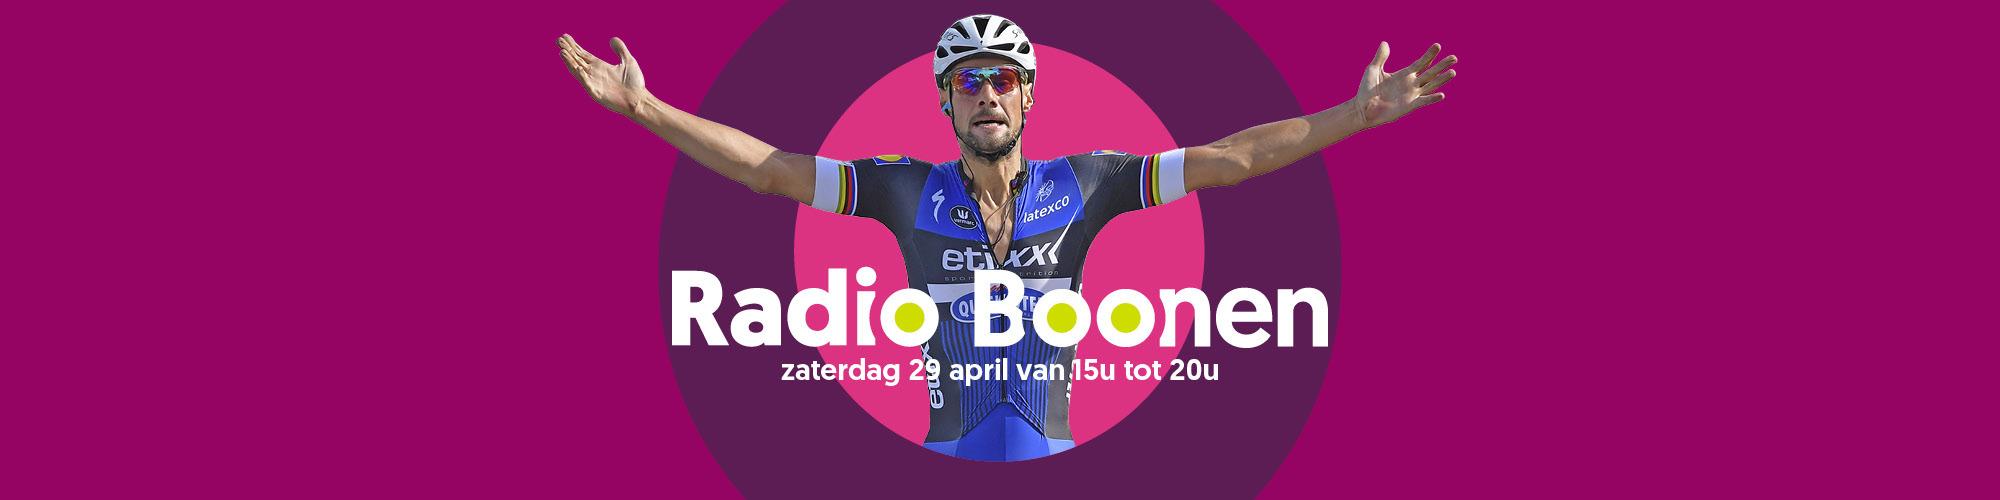 Radio boonen 2000x500 def
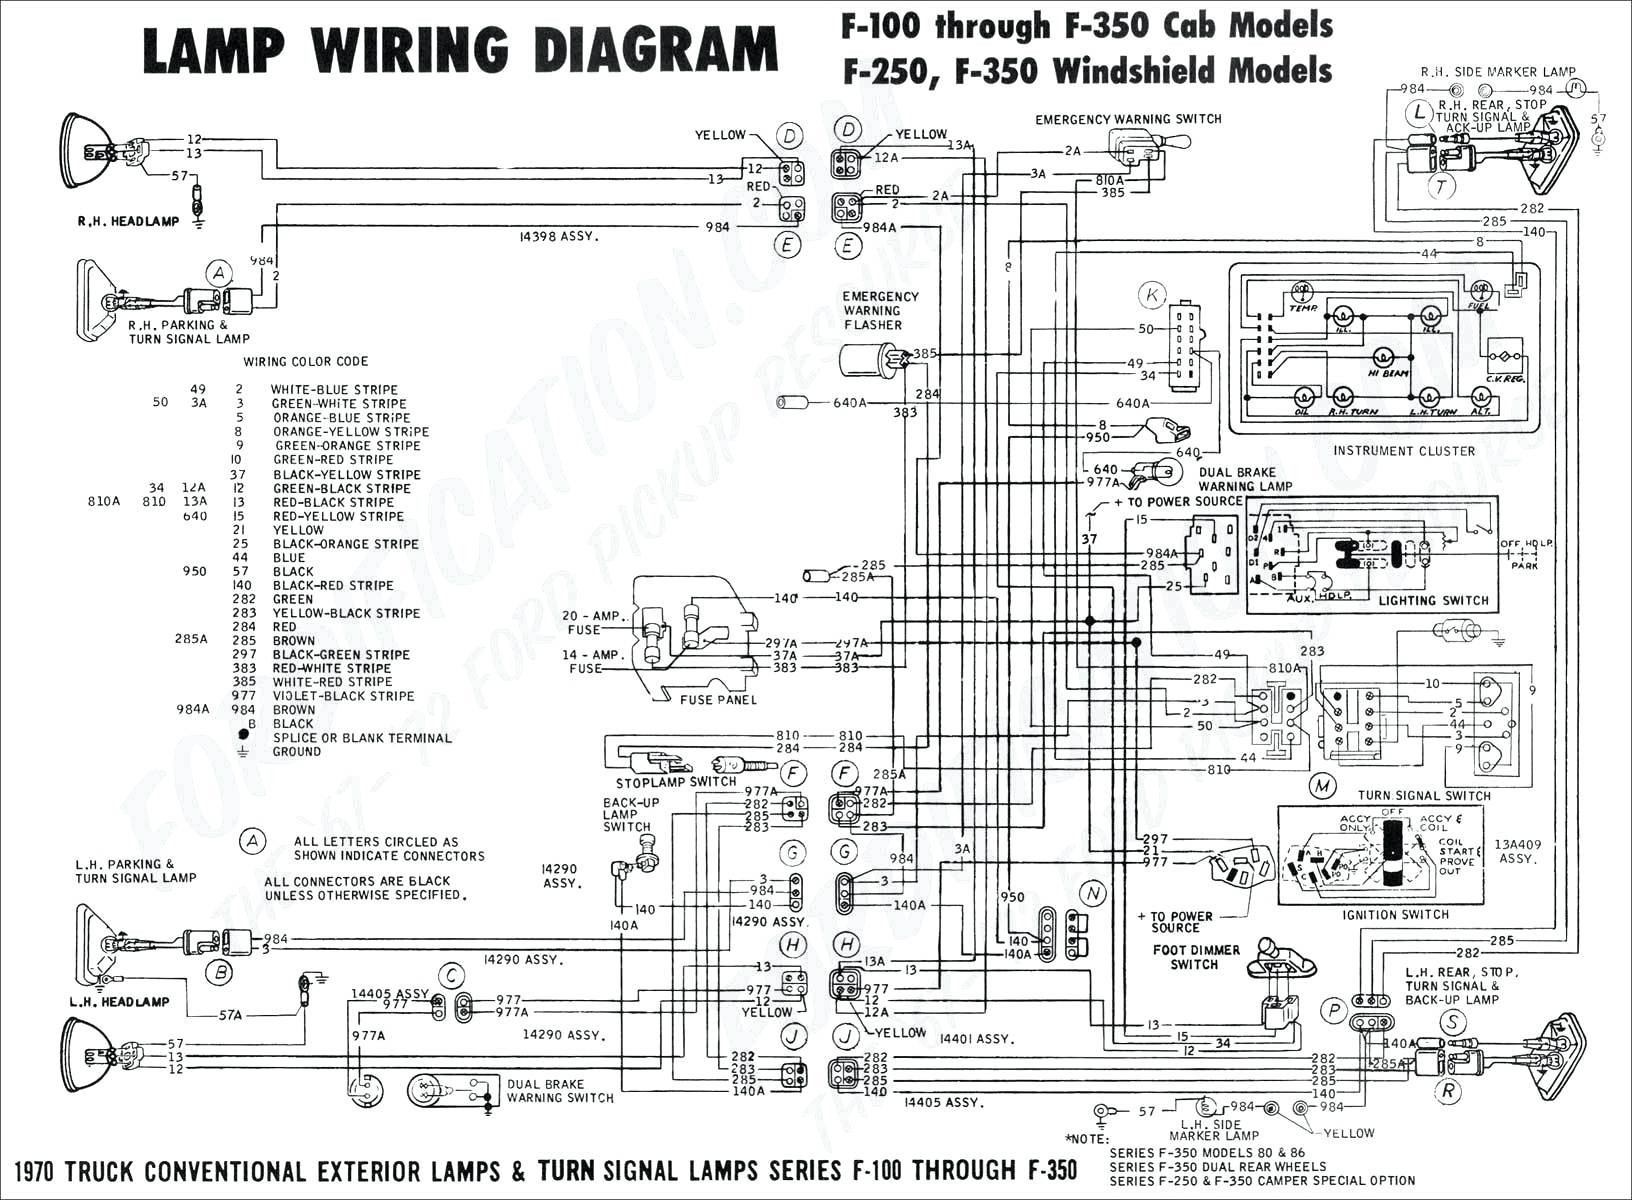 2002 dodge intrepid engine diagram 2001 ford f550 wiring
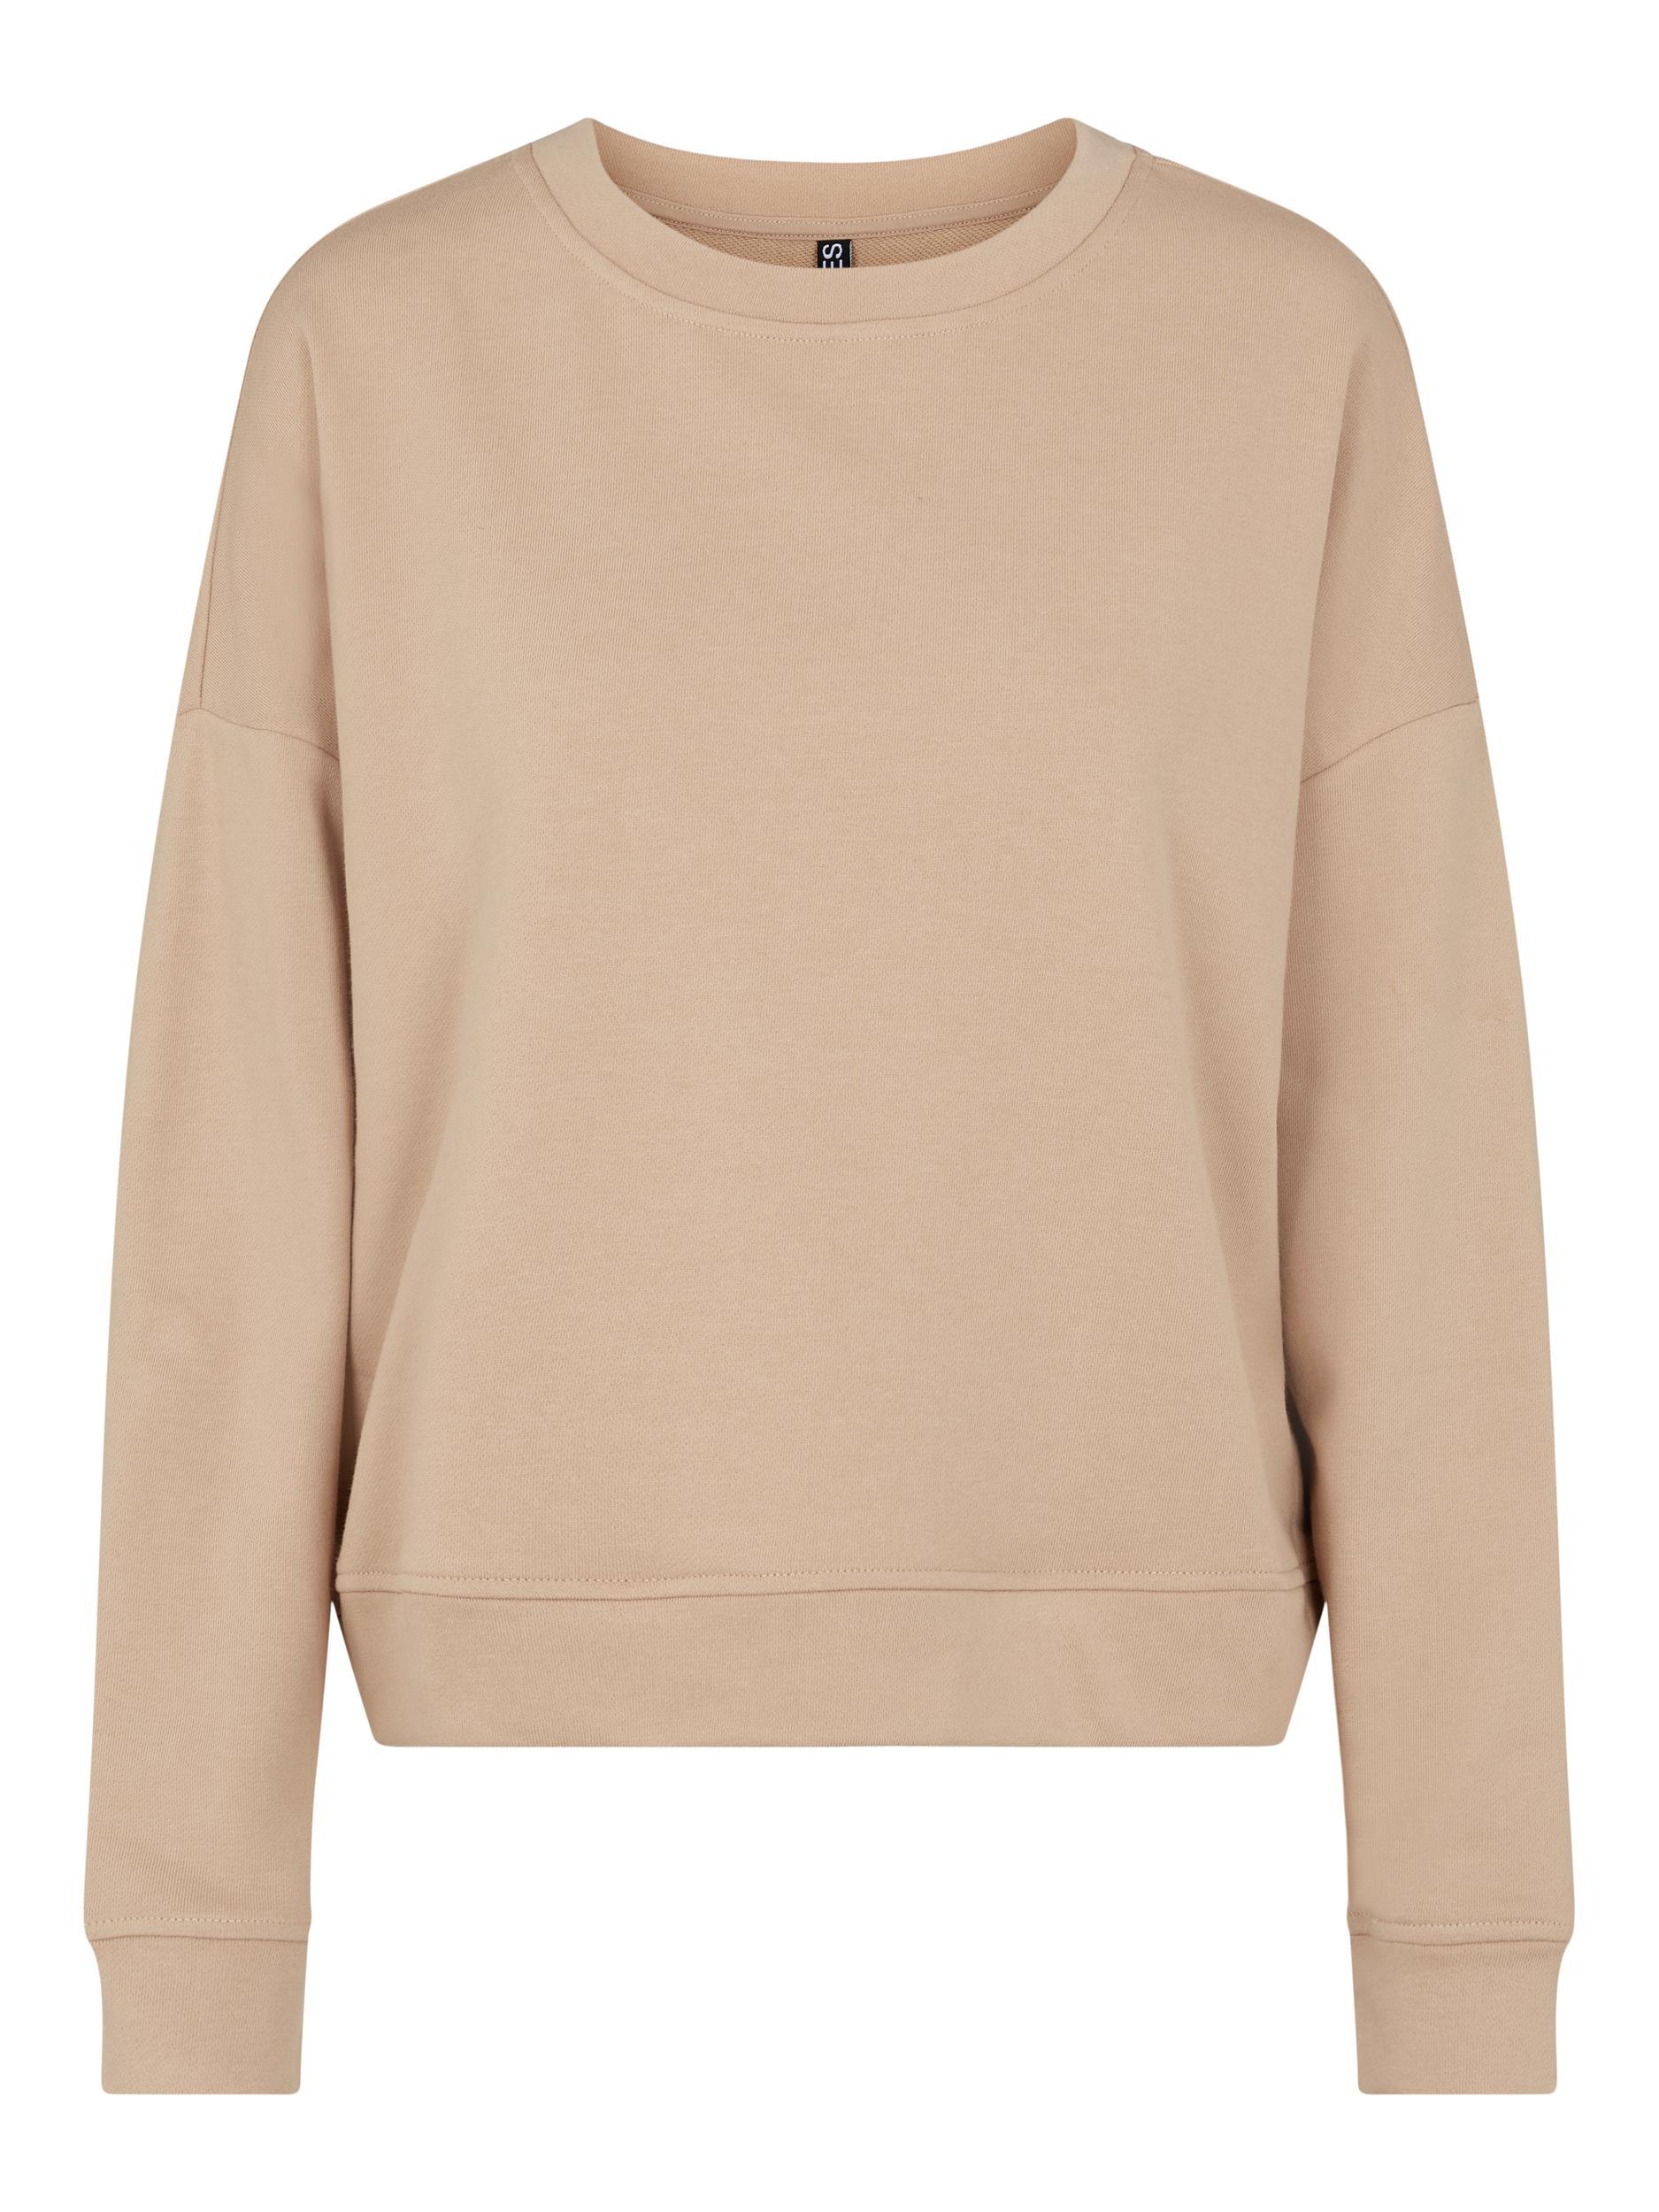 Pieces Chilli Summer sweatshirt, cuban sand, medium
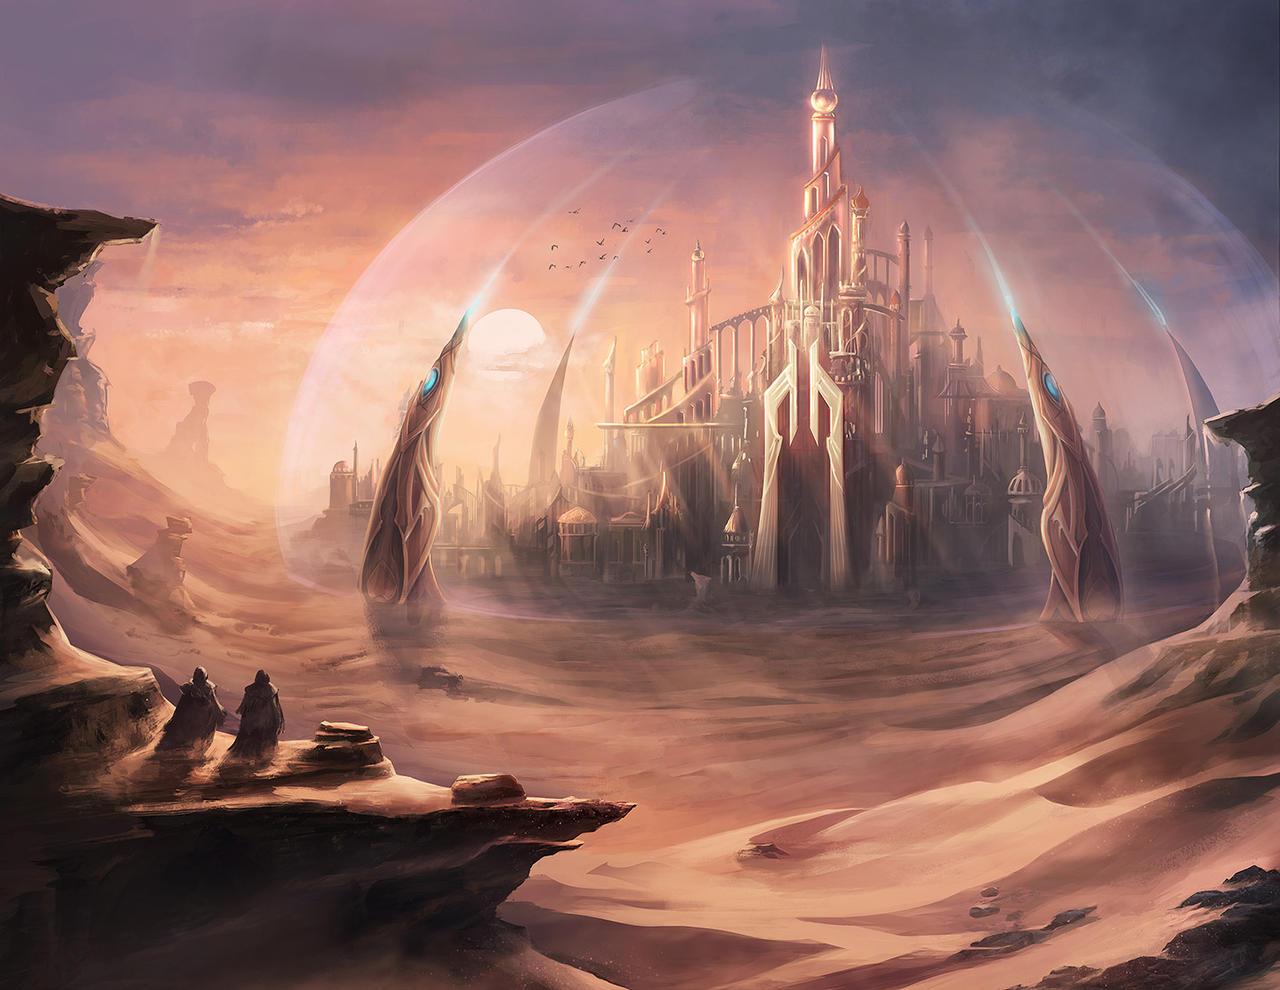 Desert City by mrainbowwj

# # # # #

**PROBLEM DESCRIPTION**
Please give the data again in full, exactly as written, but without any images.

**THE ANSWER**
 Radio boonen 2000x500 def
 2002 dodge intrepid engine diagram 2001 ford f550 wiring
 Pieces Chilli Summer sweatshirt, cuban sand, medium
 Desert City by mrainbowwj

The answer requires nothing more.